With the goalie lying on his side and time to pick a corner, Darche let fly with a shot that Halak somehow snared with his trapper.

You'd have thought the Canadiens would be determined to spoil the occasion. And you'd be wrong.

After squandering their first scoring opportunity, the Habs were soon penned in their own end for long stretches.

If a pair of wins over the slumping Winnipeg Jets and Tampa Bay Lightning gave the Habs a spark of belief, it was quickly extinguished by the significantly classier opposition on Tuesday.

The Blues have enjoyed a remarkable renaissance under coach Ken Hitchcock, who has instilled a hermetic defensive system since taking over from Davis Payne earlier this season that the Habs were simply unable to solve.

The disconsolate Canadiens could only lament their inability to get pucks to the net, crediting "You have to give them credit," said downcast Habs winger Michael Cammalleri, minus-2 on the night.

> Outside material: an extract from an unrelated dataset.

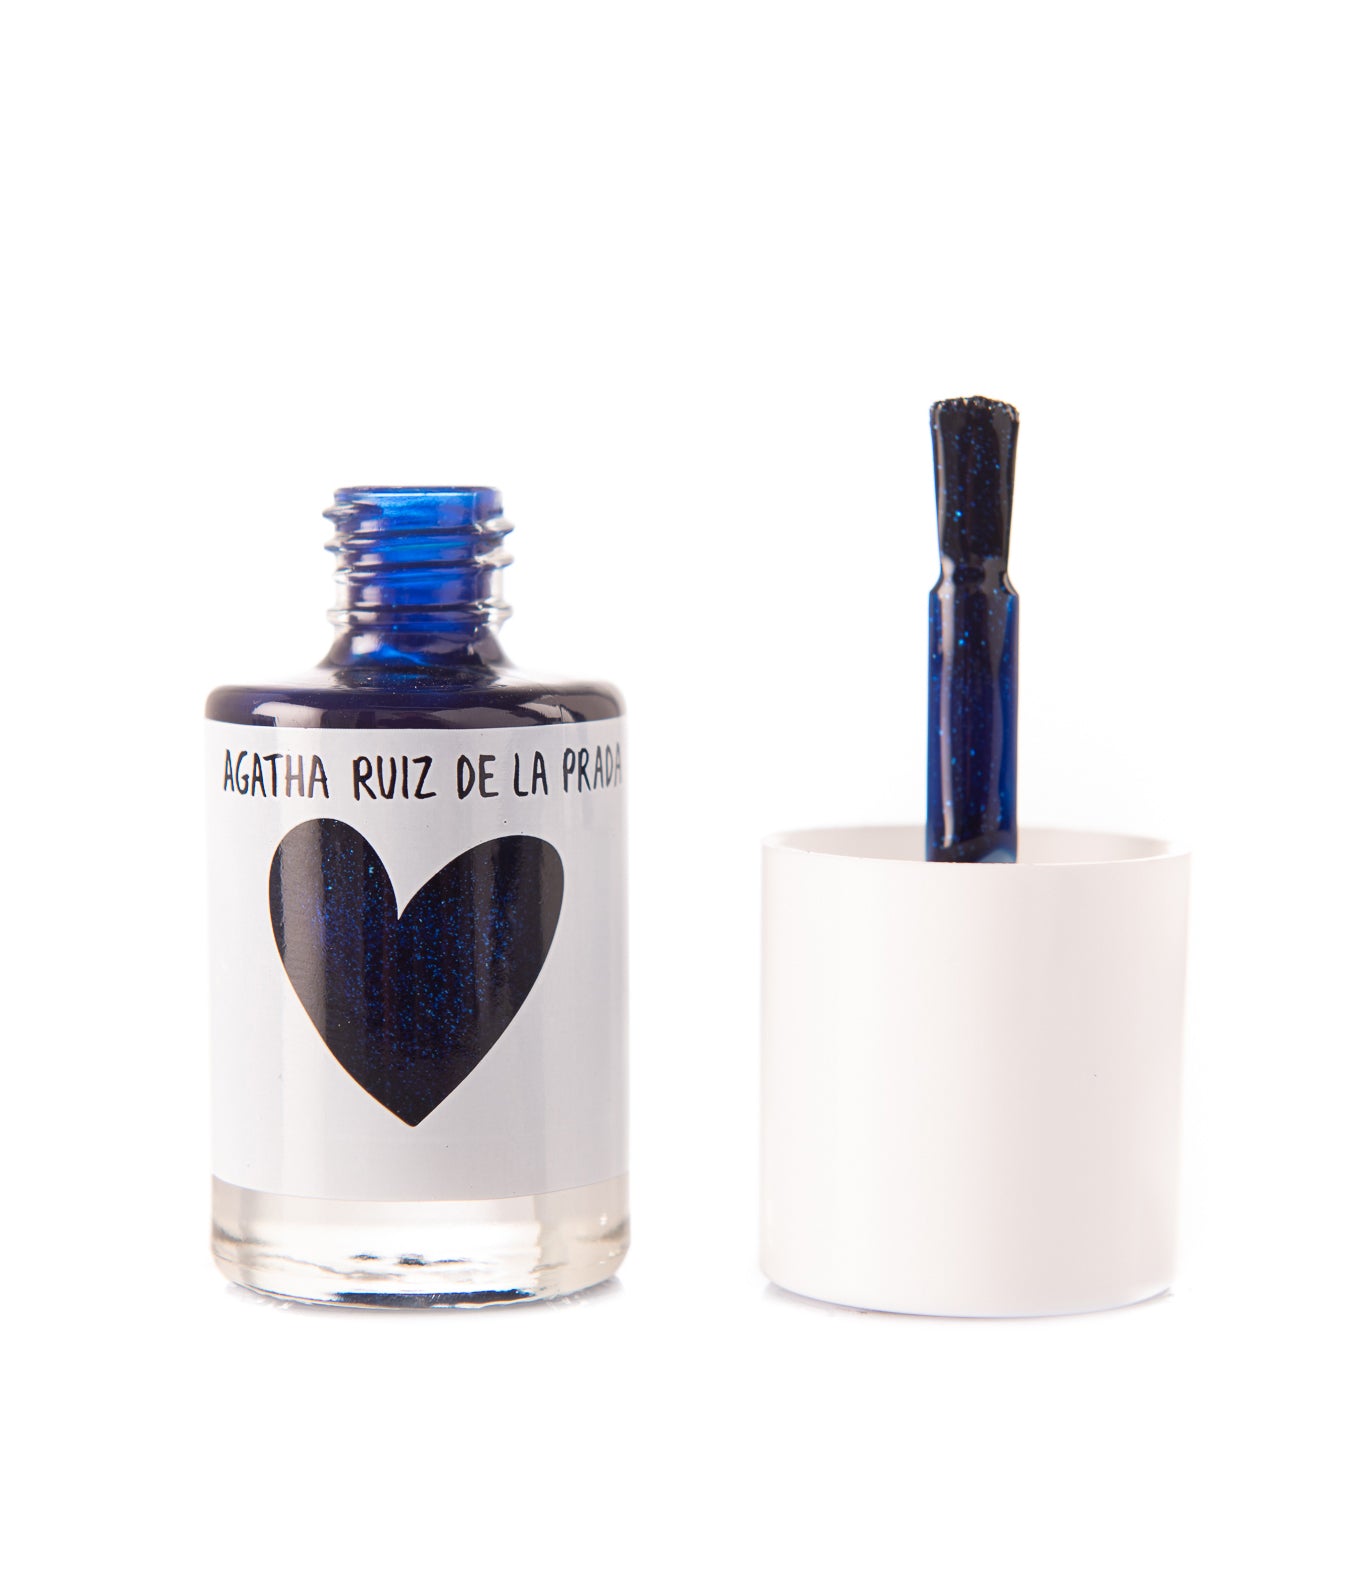 Agatha Ruiz de la Prada Nail Polish - Open Bottle with Cap and Brush Glitter Royal Blue

Of his former teammate Halak, Cammalleri said "he was as good as he needed to be."

If Halak wanted terribly to beat his former team, opposite number Carey Price, the man the organization decided to hang onto, felt likewise.

Though he played well, his teammates couldn't provide the kind of support his former tandem partner enjoyed.

But afterward Price said the fact he was facing the man he fought so hard to dislodge was far from his mind.

"I'm frustrated right now because of our position on that [conference standings]board over there, nothing else," said Price, who was visibly upset at his squad's inability to clamber out of 12th place in the East.

They remain seven points adrift of a playoff spot.

Though Halak will earn the plaudits and the credit, Price could do little to break down the Blues' swarming forecheck and neutral zone strategy, which Hitchcock terms the "five-man gap".

"We move up the ice as a pack, and make little plays that end up being big plays," Hitchcock said after the game, continuing on to say "when we control the game on the grind, we're hard to play against."

That was an understatement. The Habs mustered only 19 shots, a season low.

The result of Hitchcock's suffocating strategy was considerable and sustained pressure on the Montreal defence and a lethal transition game, which yielded the game's first breakthrough.

As Ryan Reaves swept around P.K. Subban with a strong power move, the Habs forgot Jason Arnott, who potted the rebound past a helpless Price, who played well in the loss.

That was all the Blues really needed to give Halak the result he must have craved. St. Louis added an insurance goal on another breakdown when rookie Montreal defenceman Alexei Emelin was caught up ice and Blues captain David Backes fired a shot that found its way through Hab defenceman Hal Gill and Price.

Backes turned provider in the third, when Emelin's turnover at the blue line sent the burly centre in two-on-one with Chris Stewart, whose wrister gave Price no chance.

While the Blues have now won four in a row and have solidified their hold on second spot in the West, the Canadiens' win streak stopped at two.

The loss also came at the cost of more than dropped points and dented pride.

Habs captain Brian Gionta, who was playing just his second game after a long absence because of a leg injury, left the contest in the third period after pulling up behind the net.

He skated straight back to the bench, thumped the door open with his knee and jogged straight to the dressing room, throwing his stick, javelin-style, in frustration.

He will be re-evaluated on Wednesday.

As the Habs contemplate the prospect of a visit to division leader Boston, the Blues are headed for a five-game homestand that opens with a visit from the Vancouver Canucks.

Though Halak authored a shutout on Tuesday he is due a quick return to earth: the starting goaltender for that game will be Elliott, who shut out Colorado on Saturday.

"Now they're even. Elliott starts on Thursday and we'll go from there," Hitchcock said.